- Theatrical release poster
- Directed by: Singampuli
- Written by: Singampuli
- Produced by: S. S. Chakravarthy
- Starring: Ajith Kumar Priya Gill
- Cinematography: R. D. Rajasekhar
- Edited by: A. Sreekar Prasad
- Music by: Deva
- Production company: NIC Arts Productions
- Release date: 14 January 2002;
- Running time: 176 minutes
- Country: India
- Language: Tamil

= Red (2002 film) =

Red is a 2002 Indian Tamil-language action film directed by Singampuli (credited as Ram Sathya) and produced by S. S. Chakravarthy. The film stars Ajith Kumar in the titlular role alongside Priya Gill as the female lead, while Manivannan, Raghuvaran and Salim Ghouse played pivotal roles. The film's background score and soundtrack are composed by Deva.

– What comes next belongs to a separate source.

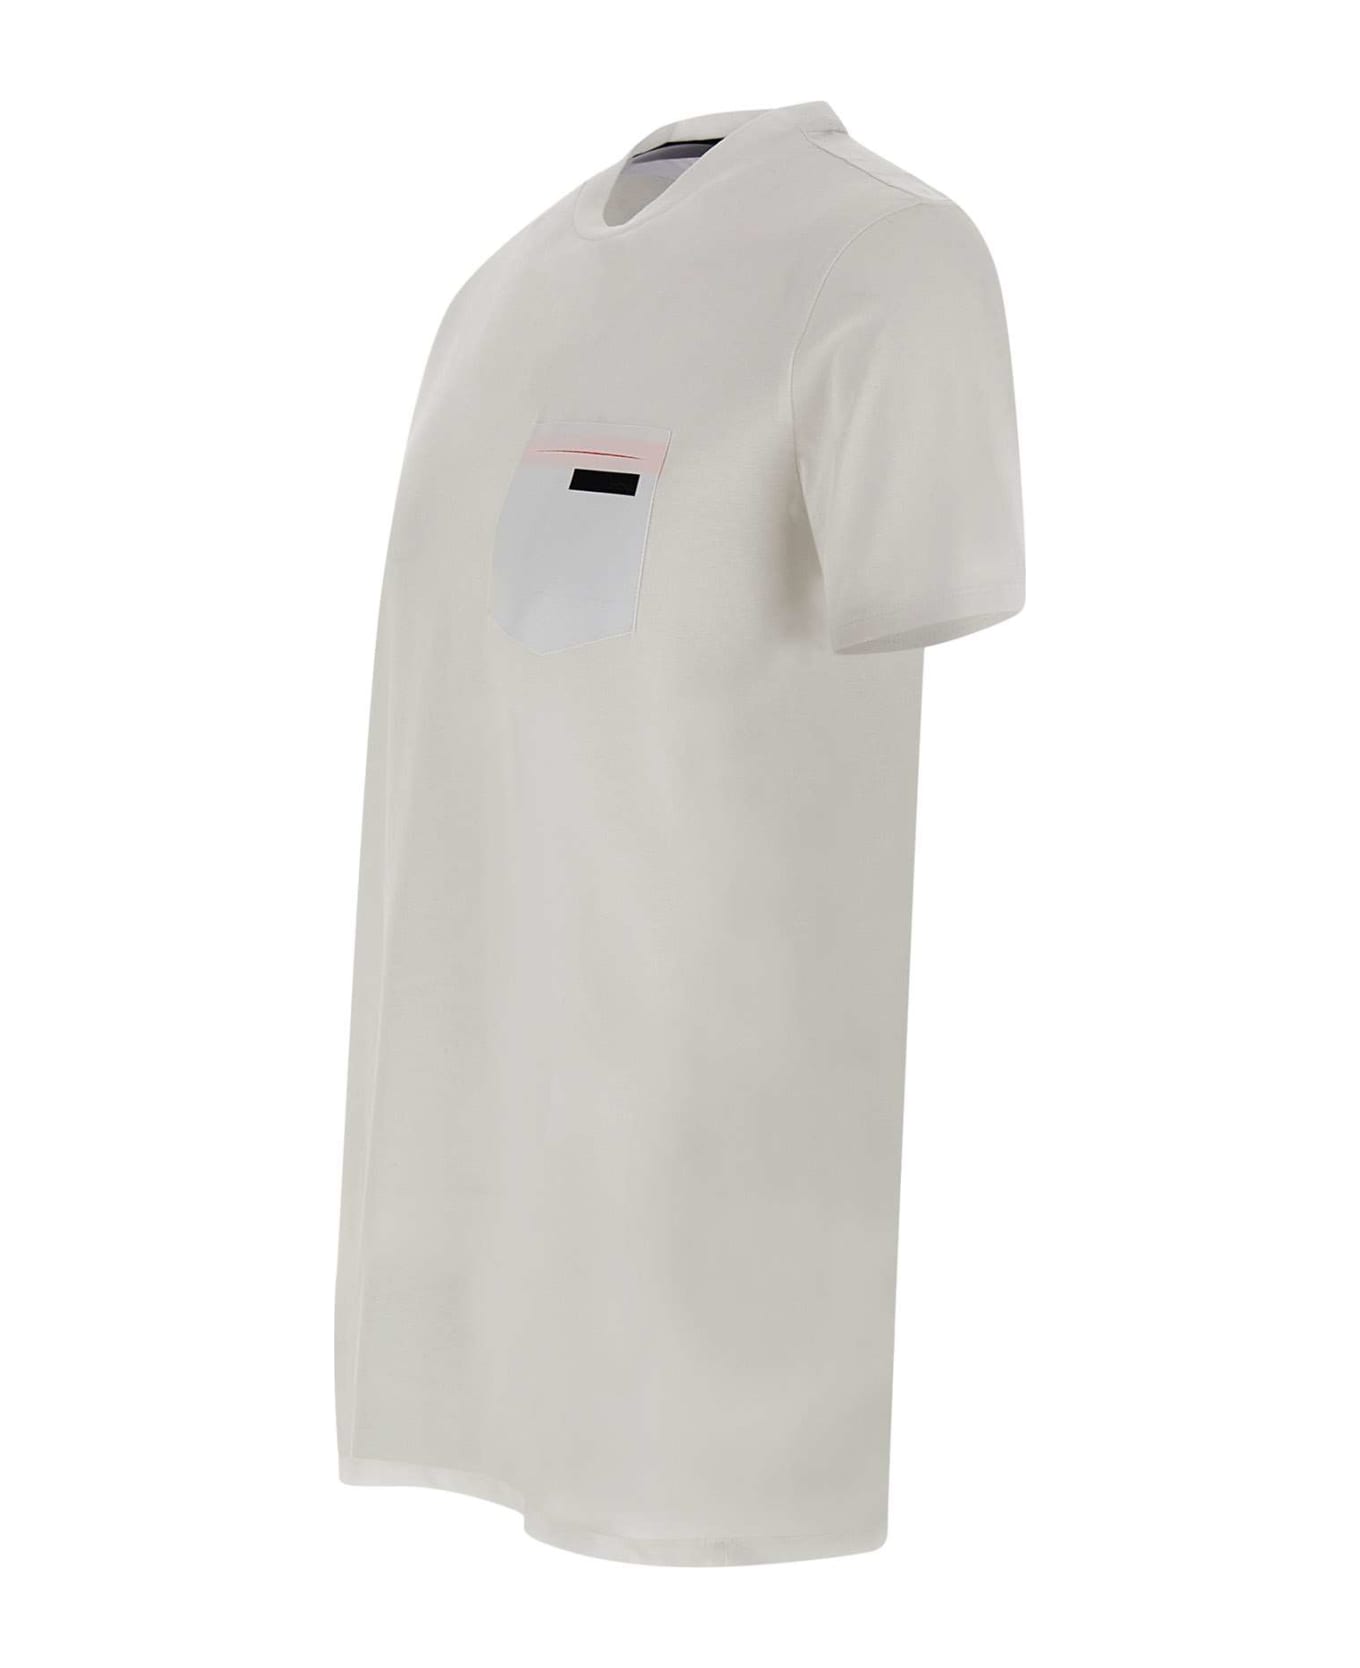 RRD - Roberto Ricci Design "revo Shirty" T-shirt - WHITE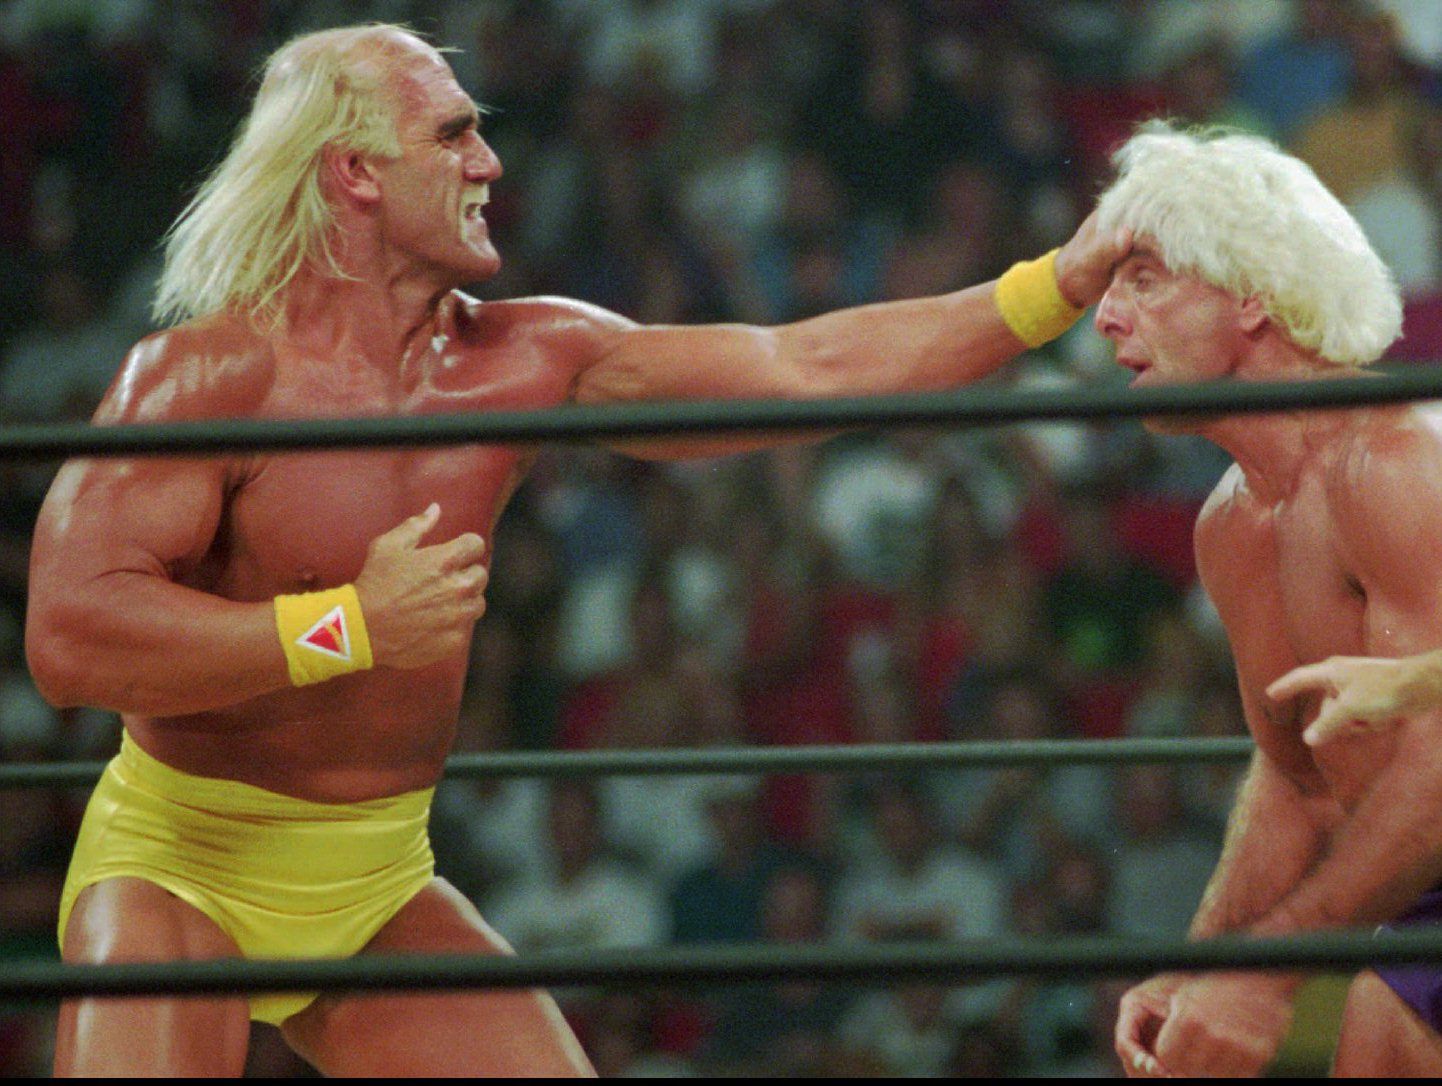 Arn Anderson shares memories of the iconic Ric Flair vs. Hulk Hogan match at WCW Halloween Havoc

Red released on 14 January 2002 and became an average success.

== Plot ==

Aathi is an orphan-gangster who is well known with his alias name RED, (Revolution, Education, and Development) at the Madurai district of Tamil Nadu who possesses a heart of gold, and when not bashing up mercenaries, he spends his time forcing schools to accept students without donations and taking care of orphans. Srini is his biggest enemy. RED falls for Gayathri, the daughter of his friend and confidante Narayanan, and helps her without her knowledge. She likes him but wants him to give up his life of violence. Meanwhile, reporter Manimegalai for Ananda Vikatan begins to serialise RED's life story under the name Aathi, and it becomes quite the rage among readers and rest forms the plot.

== Production ==
NIC Arts, the producers of Ajith Kumar's previous films Vaalee, Mugavaree and Citizen signed him to appear in a film titled Red directed by debutant Singampuli, an associate of Sundar C. The original plot point of Ajith's 1999 film Unnai Thedi was recommended by Singampuli, and Ajith had mentioned that if the film became a success he would feature in a future film to be directed by Singampuli. Priya Gill made her first and only Tamil film appearance. Principal photography at Annapoorna Studios, where art director Sabu Cyril erected a part of Madurai town for the film. Filming took place in and around Chennai, Vishakhapatnam, Hyderabad and also around some outskirts of Madurai while songs were filmed overseas.

== Soundtrack ==
The soundtrack features six songs composed by Deva. All lyrics written by Vairamuthu. The prelude of the song "Kannai Kasakkum" is based on "Catch the Fox" by Den Harrow. The soundtrack became a success prior to release, with critics praising the songs particularly "Thai Madiyae".

Track listing
| No. | Title | Singer(s) | Length |
|---|---|---|---|
| 1. | "Kannai Kasakkum" | S. P. Balasubrahmanyam | 7:06 |
| 2. | "Roja Kaathu" | Hariharan | 5:17 |
| 3. | "November Madham" | Hariharan, Mahalaxmi Iyer | 6:04 |
| 4. | "Olikuchi Udambukari" | KK, Anuradha Sriram | 6:25 |
| 5. | "Dil Dil Italy Kattil" | Silambarasan, Mathangi Jagdish | 5:46 |
| 6. | "Thai Madiyae" | Tippu | 6:14 |
| Total length: |  |  | 36:52 |

== Critical reception ==
Malathi Rangarajan of The Hindu opined that "When the film begins stating that the title is an earth-shattering acronym (Revolution Education and Development), you wait for something radical and path-breaking. But no ... there is compassion, some mindless violence, a docile retreat, an impulsive retaliation ... and that's about all". A critic from Sify wrote that "Like it or not, in Red didacticism prevails over a clarity of vision, logic and reason. The films leaves you exhausted and stressed and is as avoidable as a migraine". Malini Mannath of Chennai Online said that "the script is insipid, the scenes are repeated, and it gets all too monotonous towards the end".

== Box office ==
Despite the film's success, India Today estimated it suffered a loss of ₹4 crore.